We've already discussed why research guides are important and we looked at some of the better sources for legal research guides. But there will be times when what you are looking for is not on one of the websites we've already looked at. That means you will need to actually search for a research guide. There are three basic ways to do that.
Research guide search engines. There is really only one. Check out the ever popular University of Cornell Legal Research Engine located on the Cornell Library site. This allows you to do a subject specific search for quality legal research guides and resources. An added advantage is the ability to search not only for a research guide but the "legal internet." This latter tool is similar to a feature available from Westlaw - without having to sign on to your account. While searching you may find a research guide search engine from the University of Akron called Law Scout. Unfortunately, Law Scout has not been updated in some time so its currency and content is in question. Still, even outdated information can lead you to good sources if you are willing to spend the time updating your sources.

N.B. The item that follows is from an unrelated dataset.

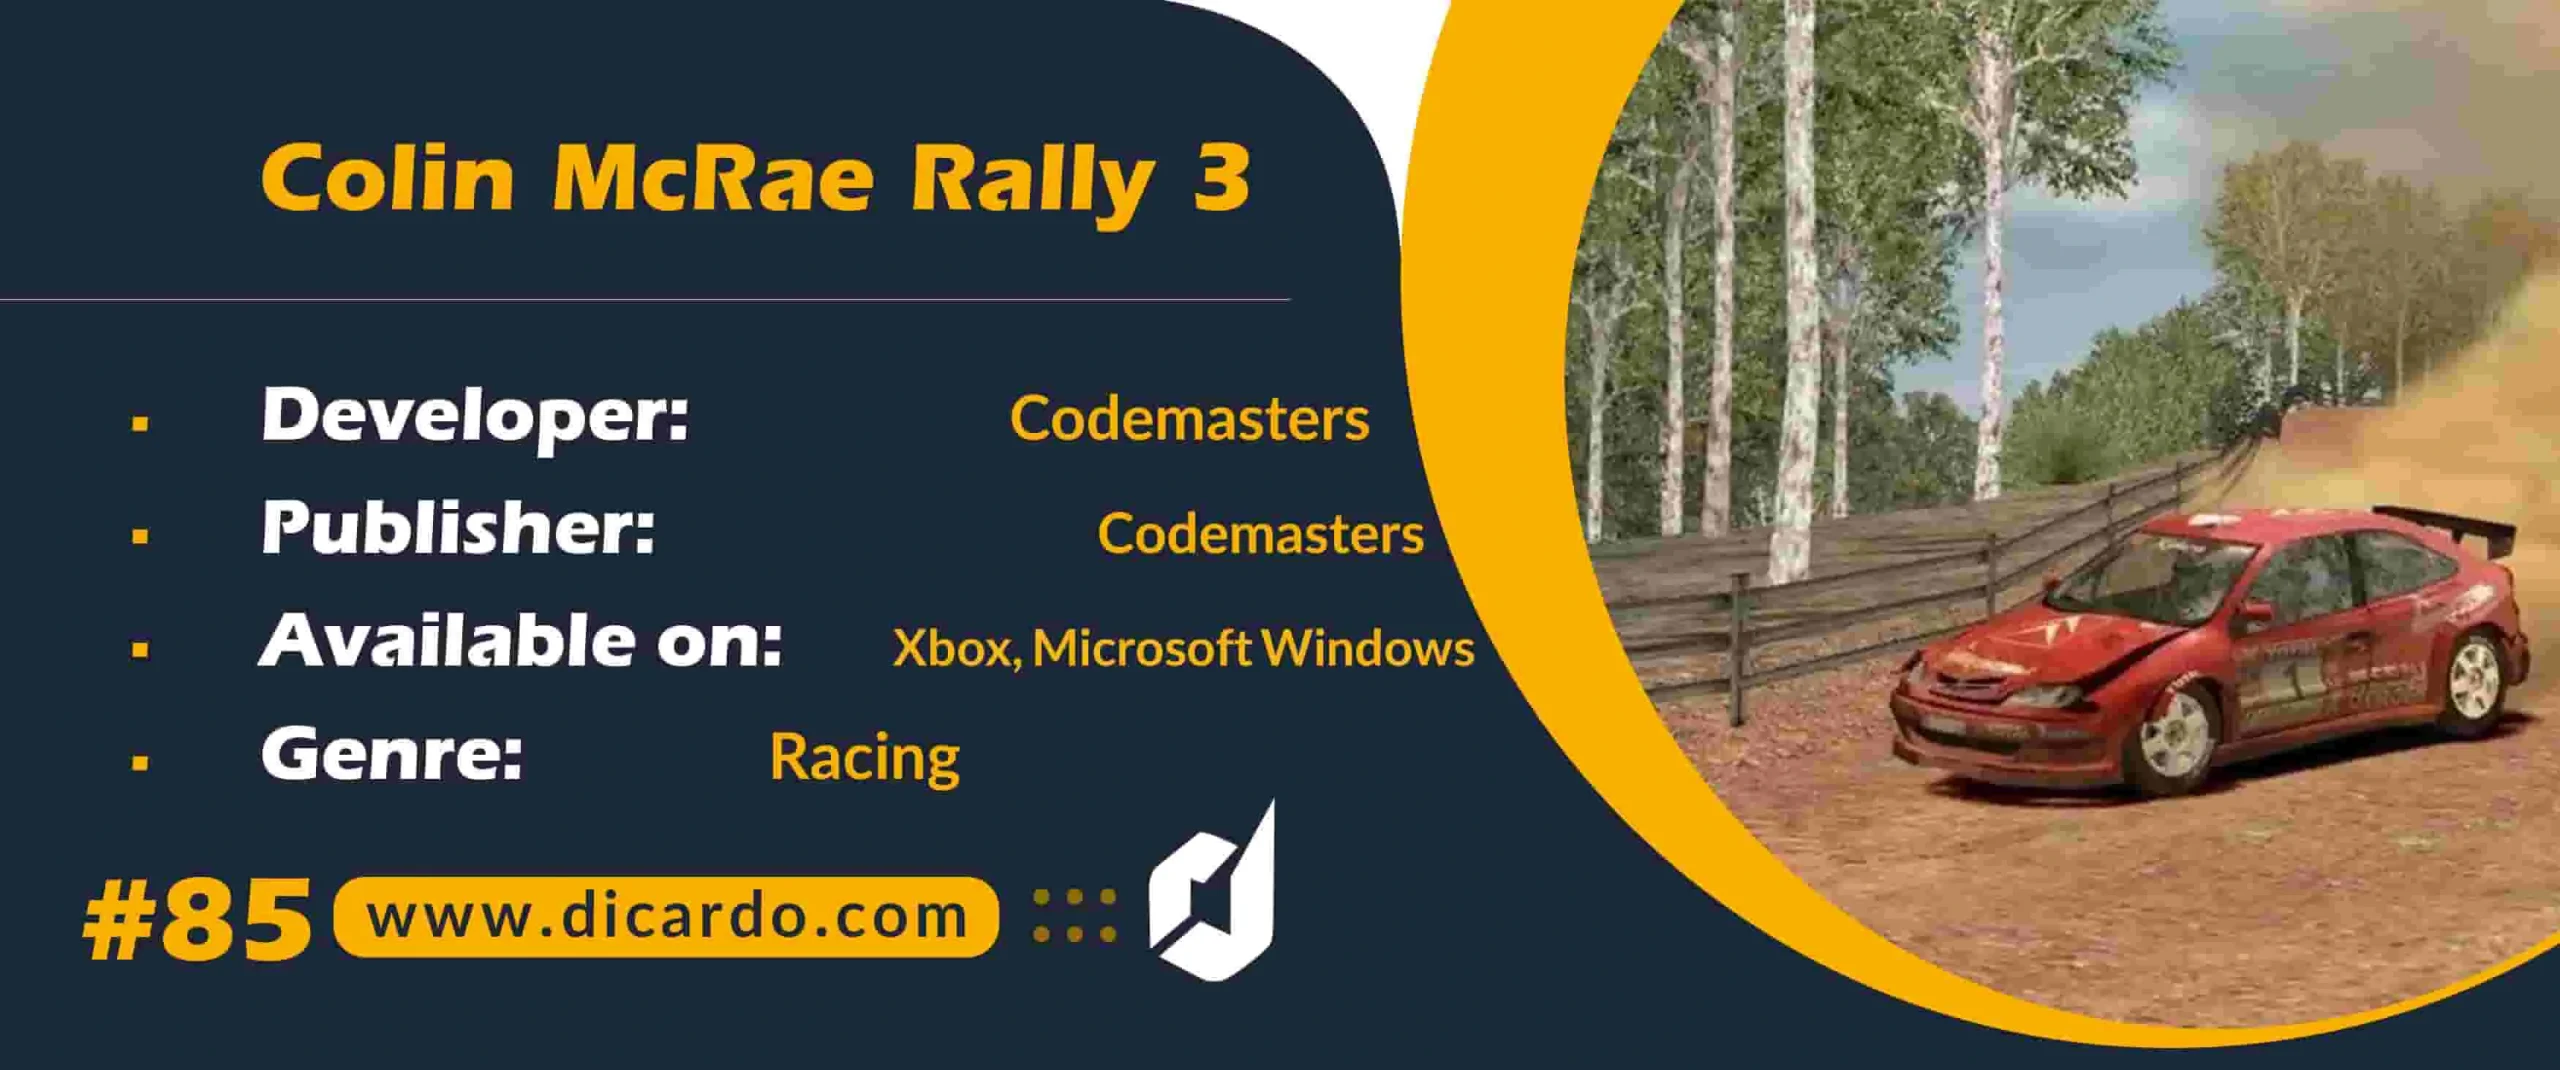 #85 کالین مکرای رالی 3 Colin McRae Rally 3

Google Search. The basic Google search is always the same: in the search box type your specific subject in quotes and then "legal research guide" also in quotes. For example, if you are interested in finding a guide on family law you might try "family law" and "legal research guide." There are commercial guides out there so, at least at first, you probably shouldn't limit your to .edu searches. Don't be afraid to refine your search depending on the results you get.
Geographic relevancy. If you want a research guide about the resources from a particular jurisdiction you might want to try looking on the law school library website for that state. For example, if you wanted to find a research guide about collection procedures in Georgia, Georgia State has just such a guide as well as many other research guides about specific areas of Georgia law. Here at UConn we have a research guide about finding Connecticut materials.